TGF-β is a potent immunoregulator in the mucosal immune system (35). It is expected that TGF-β target cells would express functional TGF-β receptors. We examined various types of immune cells in the gut-associated lymphoid tissue, but none of these cells were dual-labeled with Tβ RI or II, even though Tβ RI- and II-positive cells were present in the lamina propria or gut epithelium. Mussener et al. (29) reported a similar finding in rat synovia in which cells within lymphocytic aggregates such as CD4+ cells lacked expression of Tβ RI and II. In contrast, we found immune cells including CD4+ and CD8+ T cells, veiled dendritic cells, B cells, and a small number of follicular dendritic cells in the lamina propria as well as CD8+ IEL expressing Tβ RIII, and the number of labeled cells increased significantly from d 10 to 21 of age. Tβ RIII can bind TGF-β independently of the other receptors (13, 30). Tβ RIII may function in attracting and concentrating TGF-β on the cell surface for eventual transfer to closely situated signal-transducing receptors (31, 32). It may serve to regulate the binding of TGF-β to its signal-transducing receptors by targeting TGF-β to appropriate locations in the microenvironment of cells.

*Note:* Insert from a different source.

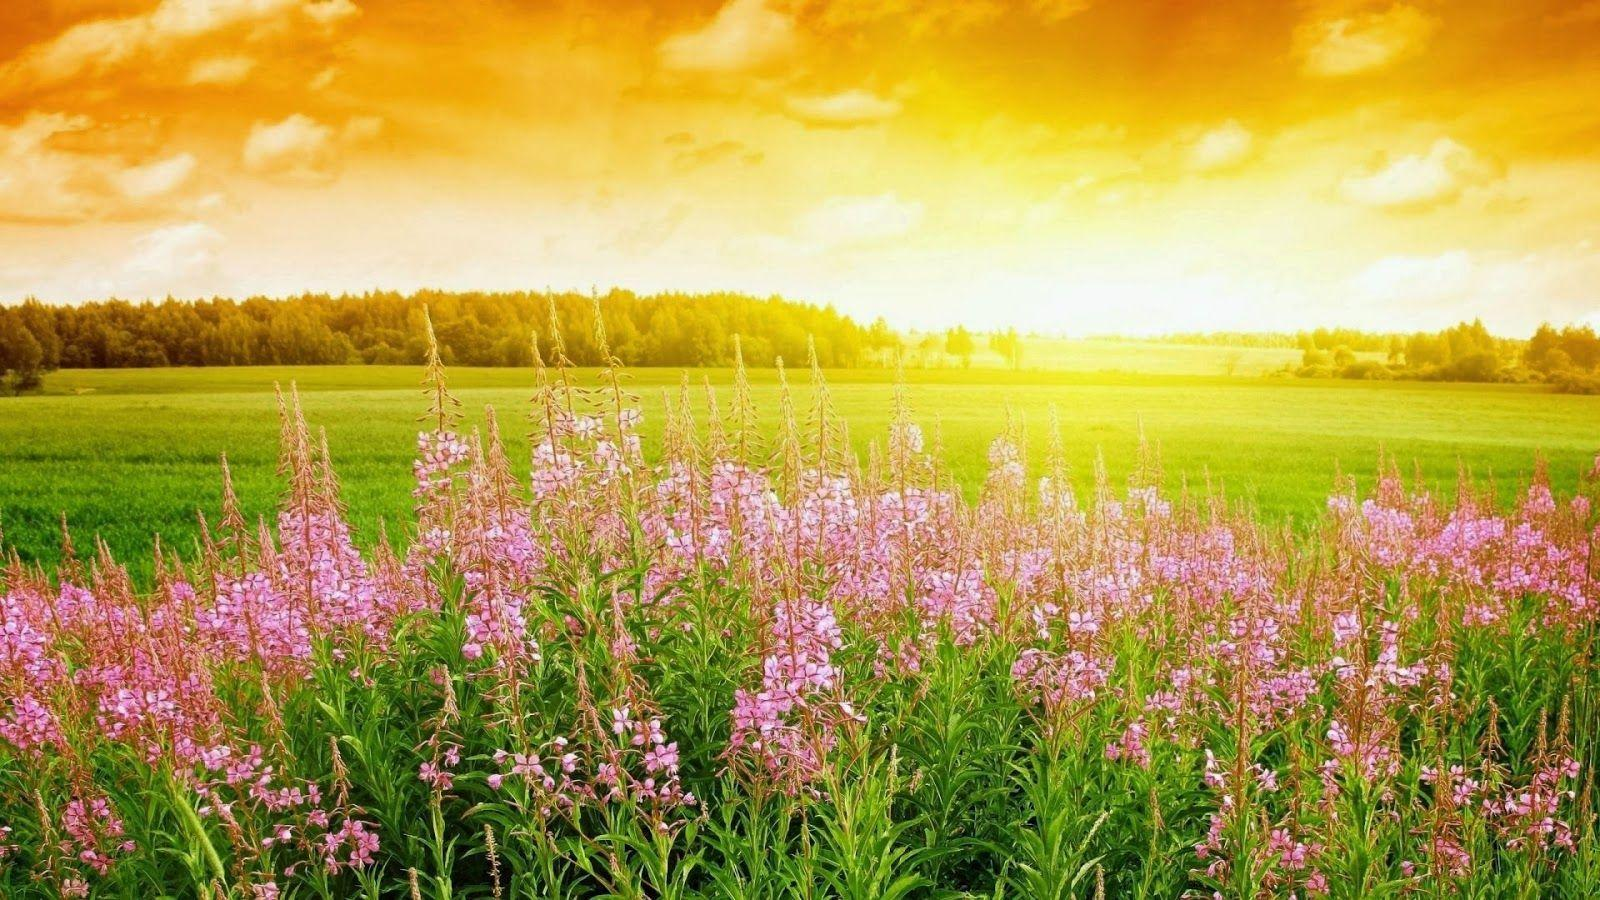 Full Hd Nature Wallpapers Free Download For Laptop - Summer Season In Pakistan - HD Wallpaper

In summary, there is an ontogenetic development of TGF-β receptor expression in the postnatal rat small intestine. Before weaning, Tβ RIII was coexpressed with Tβ RI and II throughout the epithelium. Over the weaning period, Tβ RI and II expression remained on the epithelium, whereas Tβ RIII gradually disappeared from the epithelium. This unique distribution pattern of TGF-β receptor expression from preweaning to postweaning may correlate with the change in ligand specificity from maternal TGF-β2 to endogenous TGF-β1 in the postnatal intestine.